Railway Normalization Mark - How To Calculate Normalization Mark

Railway Recruitment Boards Ministry of Railways


FAQ on Normalization of Marks 


Q. Why examination is conducted in multiple sessions?
A. RRB examinations attract exceptionally large number of candidates. In order to take examination for such a large number of candidates, examination has to be split in various sessions keeping in view the limitations of the capacity of examination venues available across the country. For example, CEN 02.2018 for Level 1 post had attracted 1.89 Crore candidates and the examination was conducted in 153 sessions.

Q. Why normalization is necessary?
A. When an examination is conducted in multiple sessions for the same syllabus, in spite of all efforts there are chances of variation in the difficulty level of the questions in various sessions. Thus the score obtained by the candidates of same calibre is likely to vary. In order to equalize the variation in the difficulty level of question papers a process called statistical normalization of marks is resorted to universally. This ensures level playing field for all the candidates.

Q. RRBs had conducted examinations in multiple sessions in the past also. Were they adopting normalization?
A. Yes. Normalization is being done by RRBs in examinations conducted in multiple sessions since year 2000 onwards.

Q. Is normalization some sort of grace marks?
A. No. Normalization process followed by RRBs is a scientific and statistical process.
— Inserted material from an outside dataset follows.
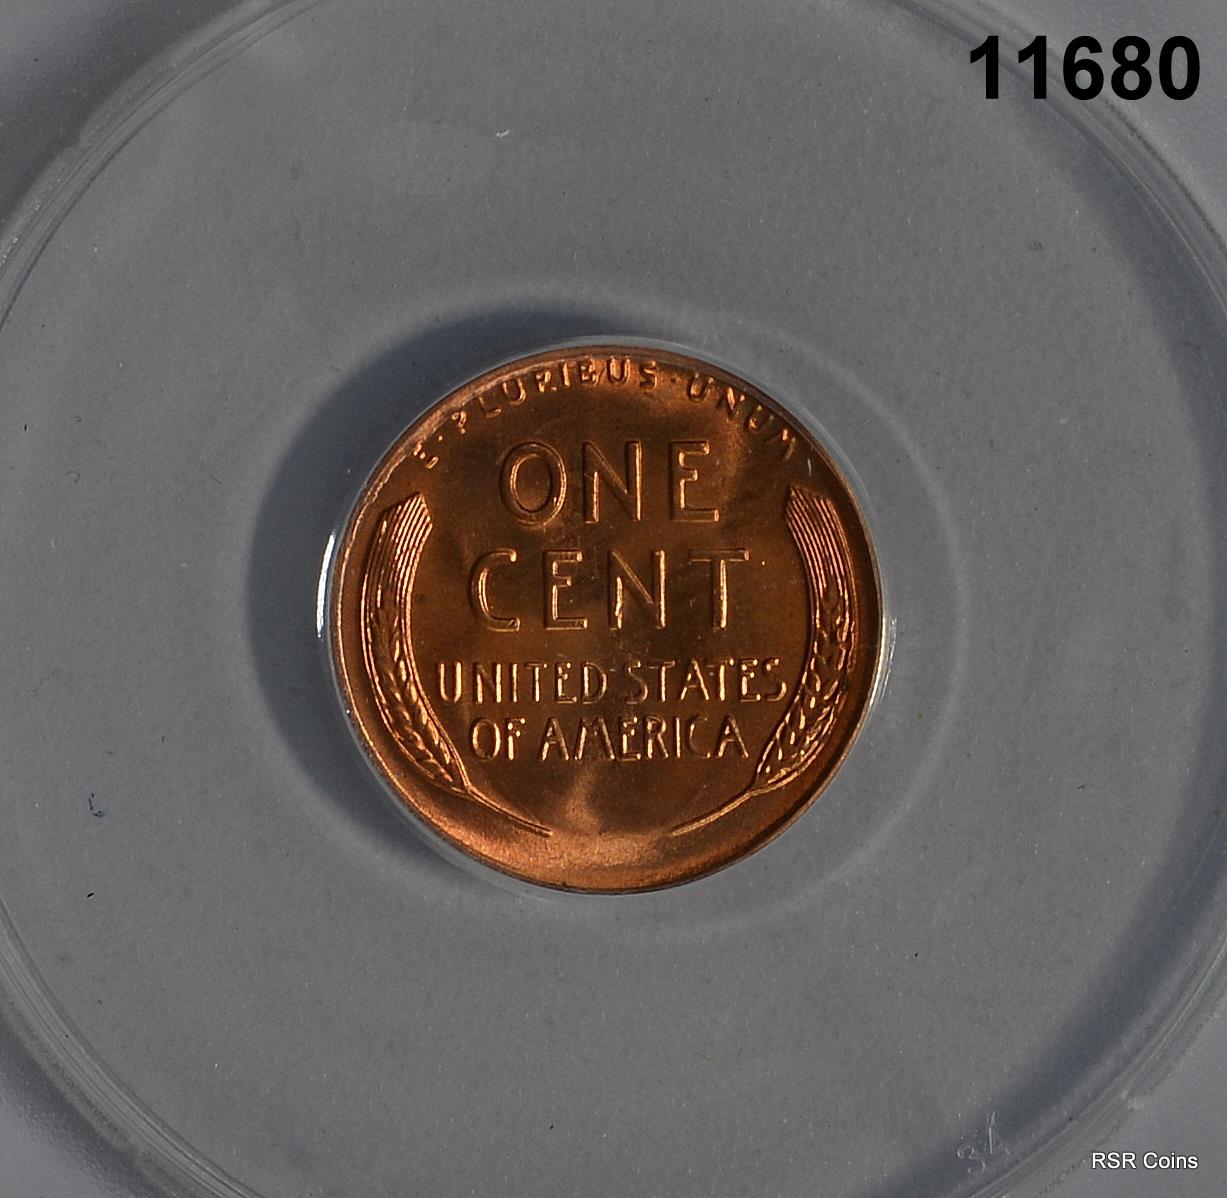 1954 S LINCOLN WHEAT CENT ANACS CERTIFIED MS67 RED FLASHY! #11680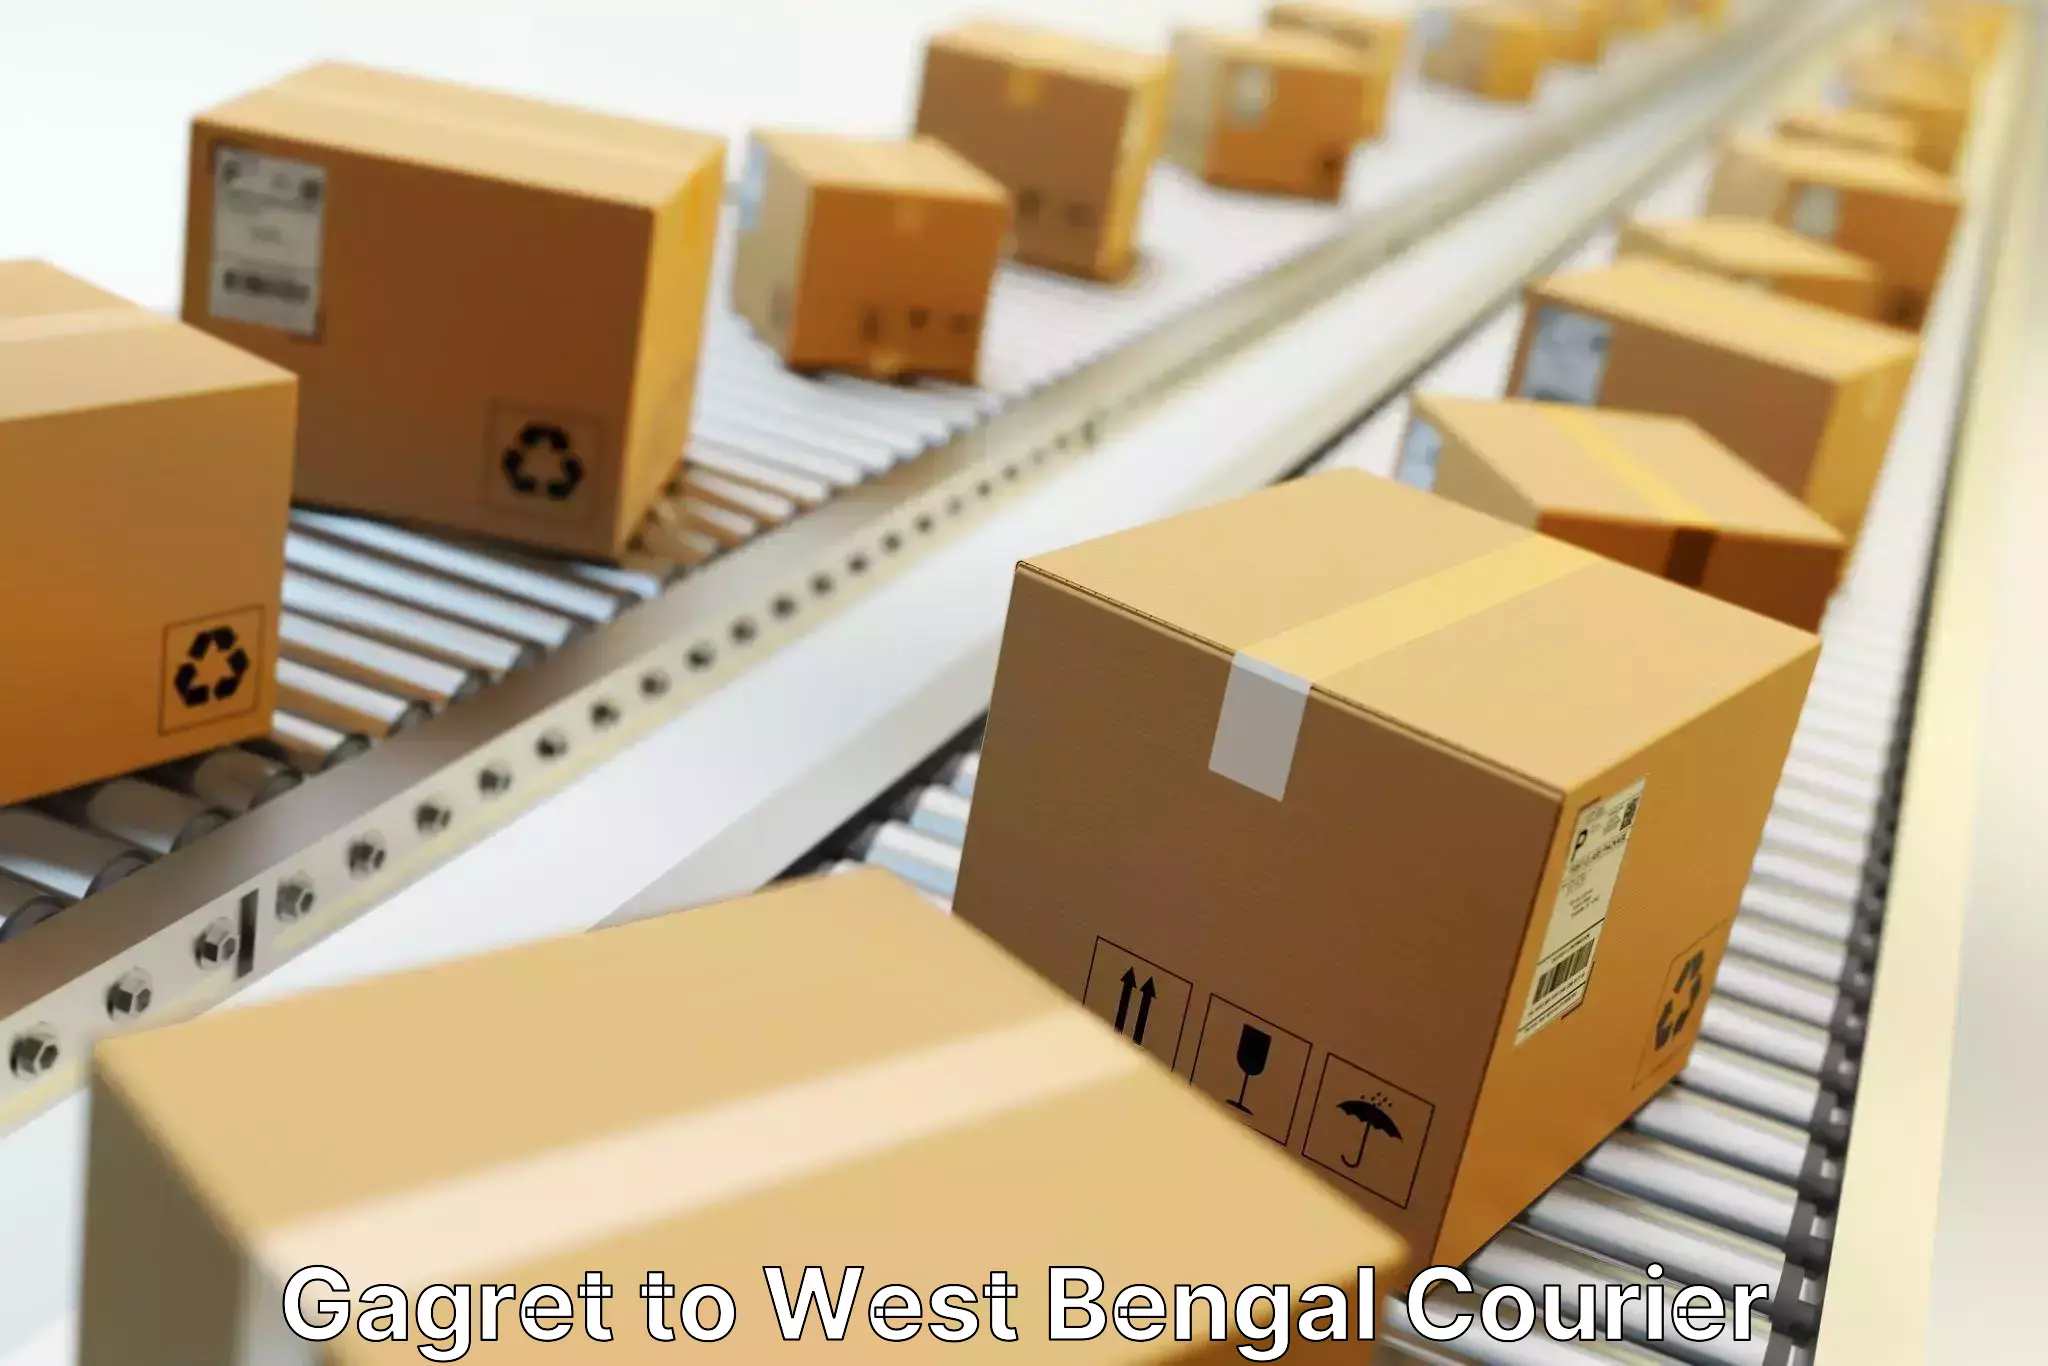 Full-service courier options Gagret to West Bengal

It is not a process of awarding grace marks.

Q. So can normalization result in reduction as well as increase in the marks as compared to the raw marks?

A. Yes. It completely depends on the statistical parameters calculated based on the performance of candidates in the session of the candidates as well as candidates of other sessions.

Q. This means the performance of candidates is statistically judged based on all the candidates he/she is competing with?
A. Yes. The process involves the raw score of the candidate, mean and standard deviation of raw marks of candidates in his/her session as well as other sessions being normalized.

Q. What is the Raw Score? How Raw Score is calculated?
A. The Raw Score is computed as under:

Total Questions-100; No of Questions Ignored (question wrong, multiple options correct etc): 2 

No of Questions attempted: 60; Correctly Answered: 54; Wrongly Answered: 6

Positive Marks: 54; Negative Marks: 2; Net Score: 54-2=52

Score Out of 100: (52/98)*100= 53.06

Raw Score= 53.06

Q. This means it does not involve human intervention?
A. Yes. It is totally based on calculated values of parameters such as the raw score of the candidate, the mean and standard deviation of raw marks of candidates in his/her session and mean and standard deviation of raw marks of candidates other sessions.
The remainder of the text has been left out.